I genuinely believe that this is tied to Moffat’s inability to write women. I’ve said it before, and I’ll say it again, the man treats women like means to narrative ends, creating these 2D super-sacrificial characters who are dangerous because they are feminine. Seriously, he forgets that down at their core, women are people who need motivations and logic, just like his male characters. The only women in the entire show who are well written are Mrs. Hudson and Molly Hooper, though one has to wonder if its because they are too old and too pathetic to be considered love interests by any of the male characters, respectively. I will also add that Hooper has shone in these last two seasons, and it felt like she got some real closure and emotional development in the last episode.

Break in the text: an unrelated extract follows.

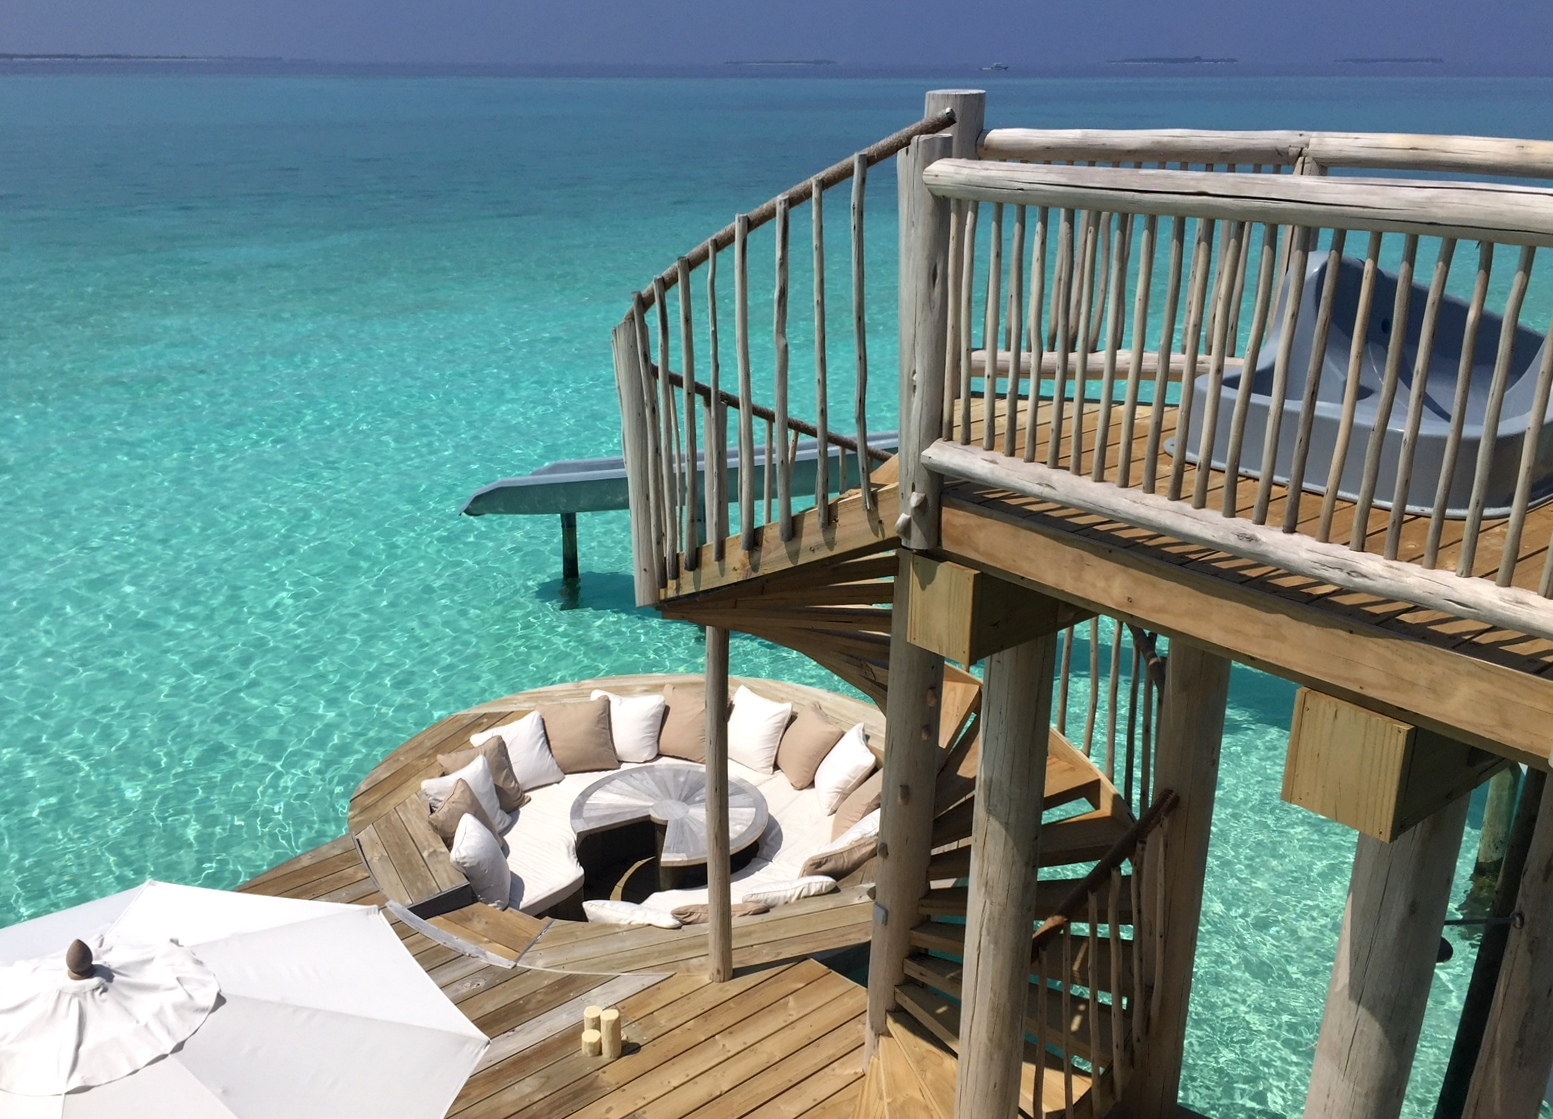 Zu Gast im neuen Soneva Jani Resort auf den Malediven strand sonne reisebericht new malediven honeymoon 2  TUI Berlin Reisebuero Malediven Soneva Jani Rutsche Wasservilla
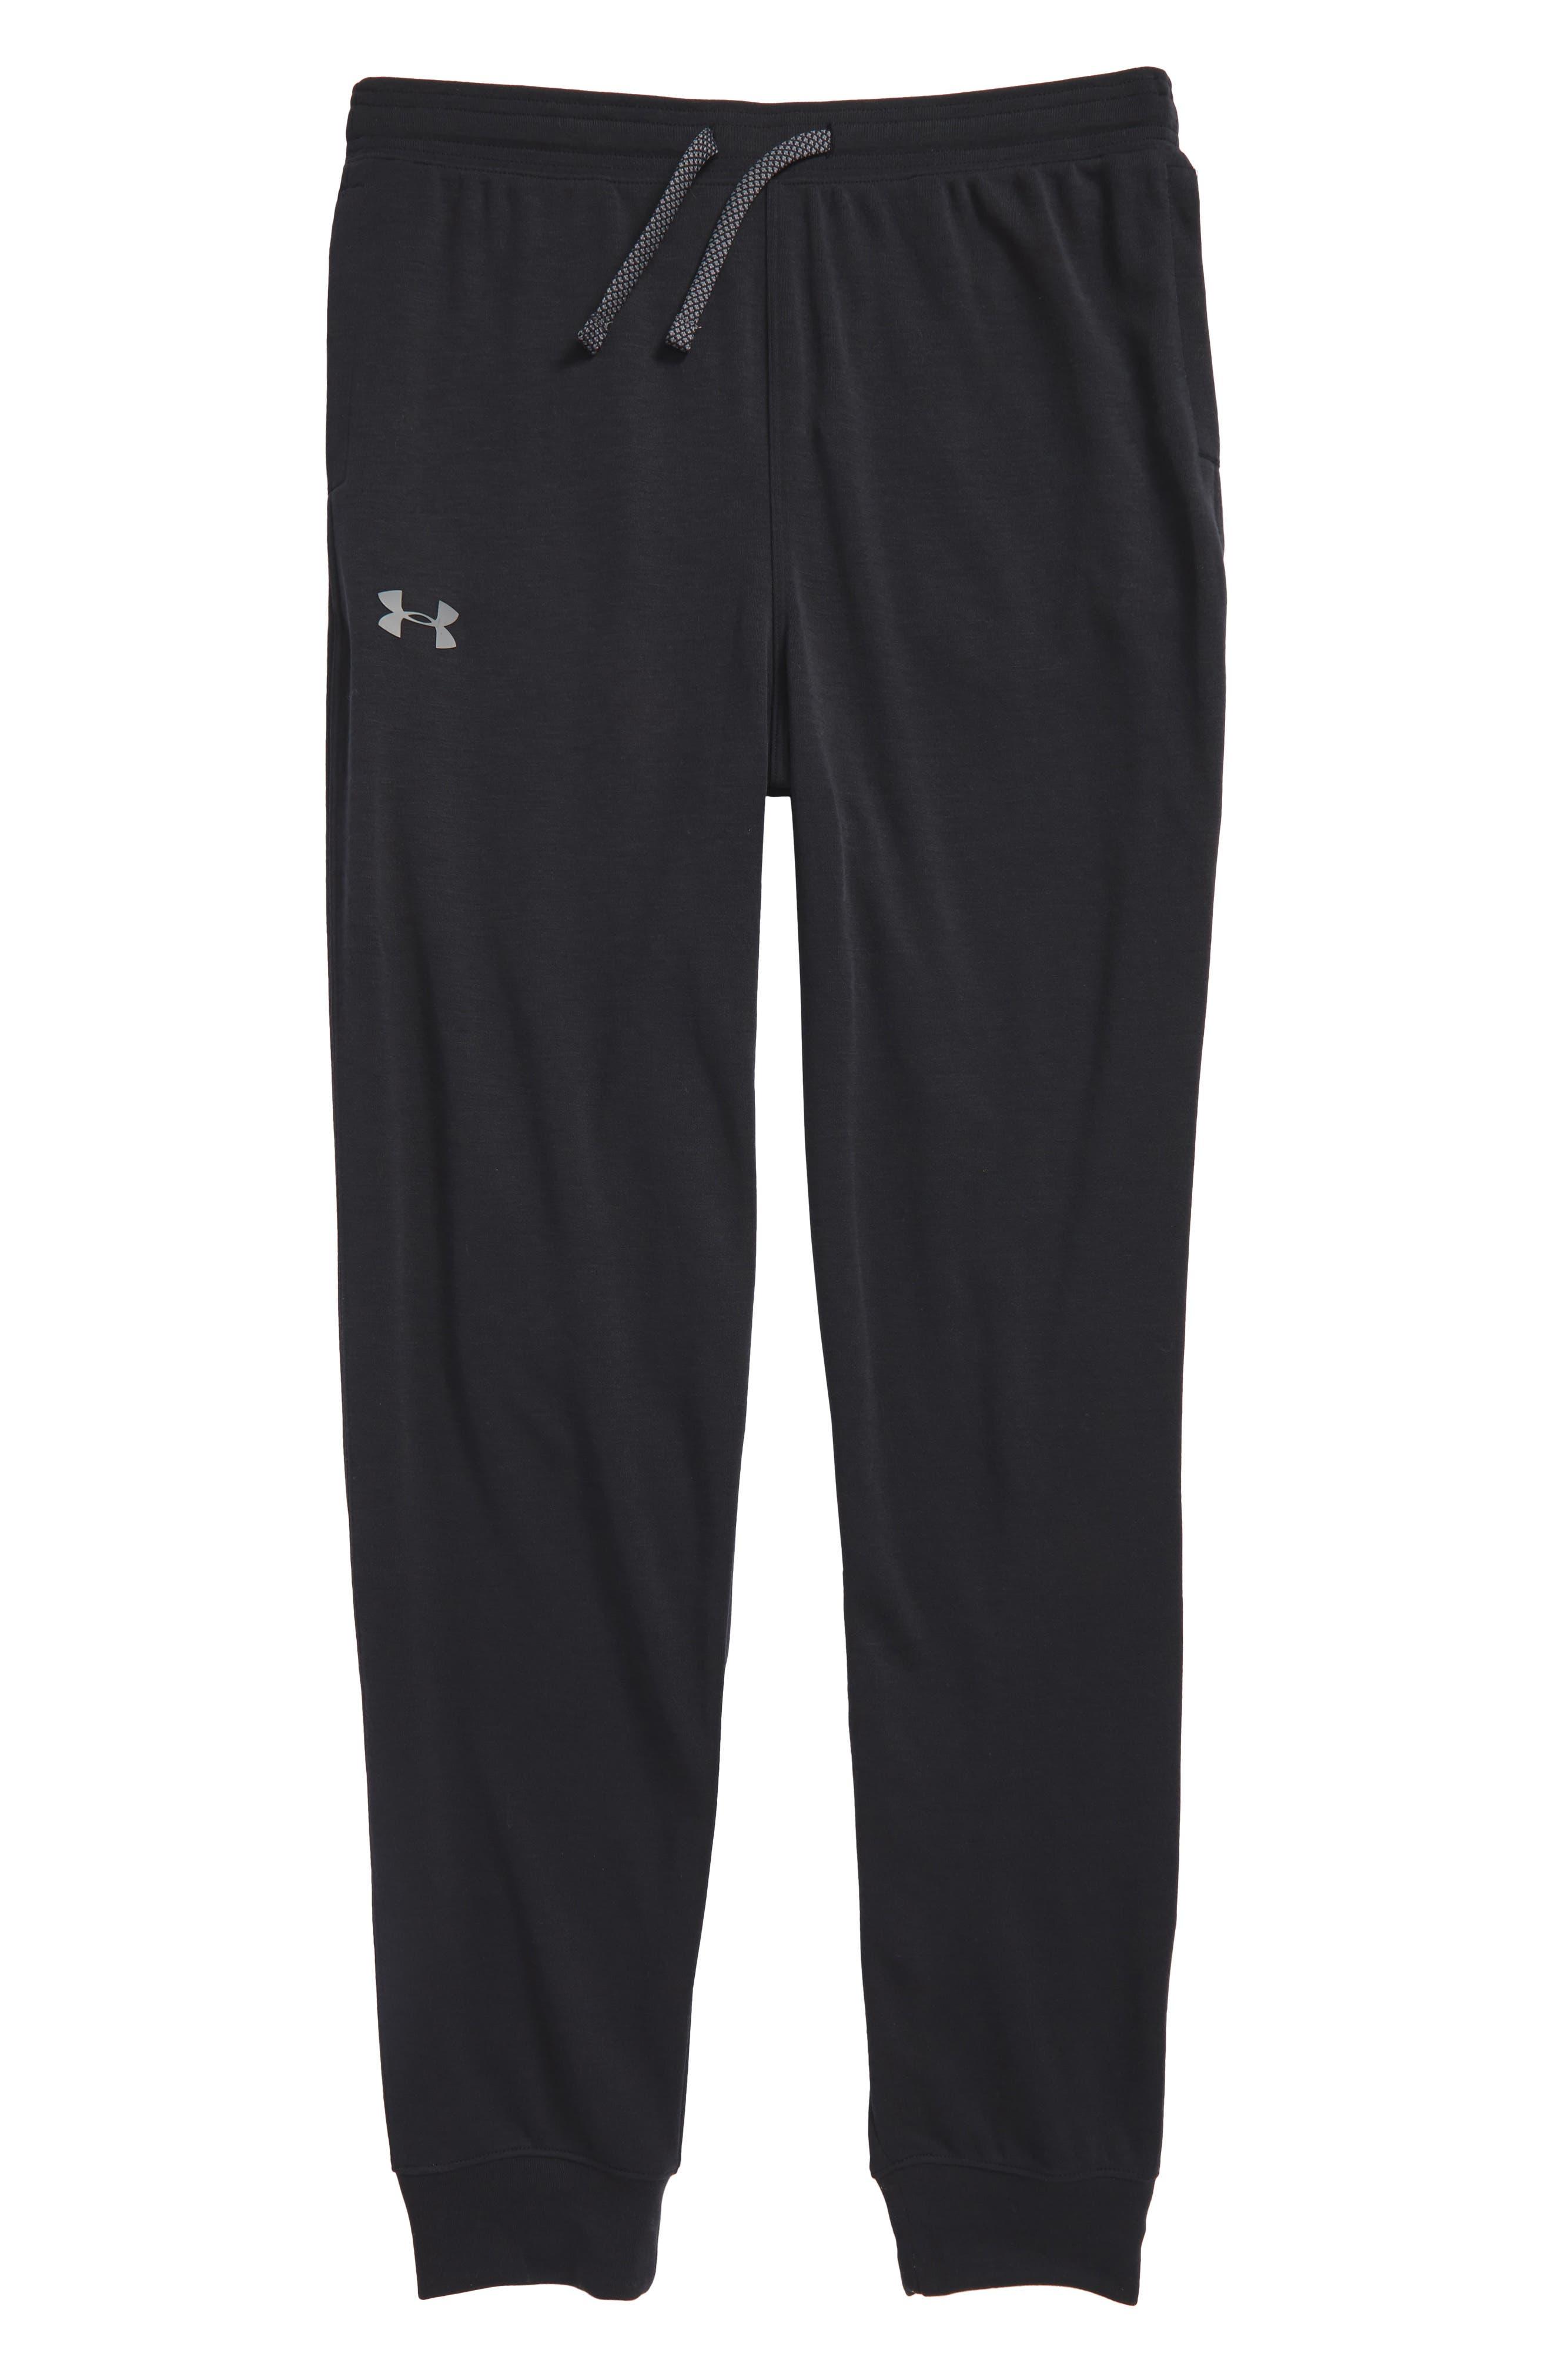 Threadborne Tech Sweatpants,                         Main,                         color, 001

The entire last episode is a sprint to the finish line, which is such a shame for a series that always felt like it could take its time and still be engaging. Between the death of Mary for no other reason than dramatic tension to the one-episode takedown of Euros, it barely felt like there was any real detective work happening, the same charm that permeated the other seasons. While there are some aspects that still have that creative spark left, like the trials in Sherringford or the drug trip.
The show still manages to impress visually. The sequence in which Sherlock works through his high and comes crashing down is brilliant. There’s a lot of that directorial creativity in the shots, and in a lot of the way transitions are used to denote time passing. It’s one of the few things that manages to be consistent throughout the series.
The acting is still as strong as ever. Sherlock and Watson are still a duo with powerful chemistry in no small part due to the comradely between Cumberbatch and Freeman. Una Stubbs as Mrs. Hudson still a surprising delight, and Mark Gatiss is still excellent as Mycroft. In terms of the new actors, Toby Jones as Culverton Smith is delightful in that manic kind of way, though we definitely don’t see enough of him. Sian Brooke as Euros is excellent as she manages to be both childlike and cold, overly intelligent and yet youthful in her cruelty — I truly think we would have benefitted more from more time with her, more digging into her thoughts.
If this is, in fact, the final season, then all I have to say is way to fuck up the landing Moffat. This is not a befitting ending for any show, let alone one that was so full of creativity and mystery, one that mastered wit and emotion in a visual, compelling way. So desperate were they to make the ending memorable, to get all the things they wanted in that they forgot what made Sherlock great in the first place. And that’s a damn shame.
Sherlock Season 4 fails when it should have soared, and leaves a sour taste in one’s mouth. If they had been more focused on the flow of the plot and less on the shock, maybe we could have had a half-way decent ending to what could (and should) have been another excellent entry in the franchise. Can someone please force Moffat to retire now?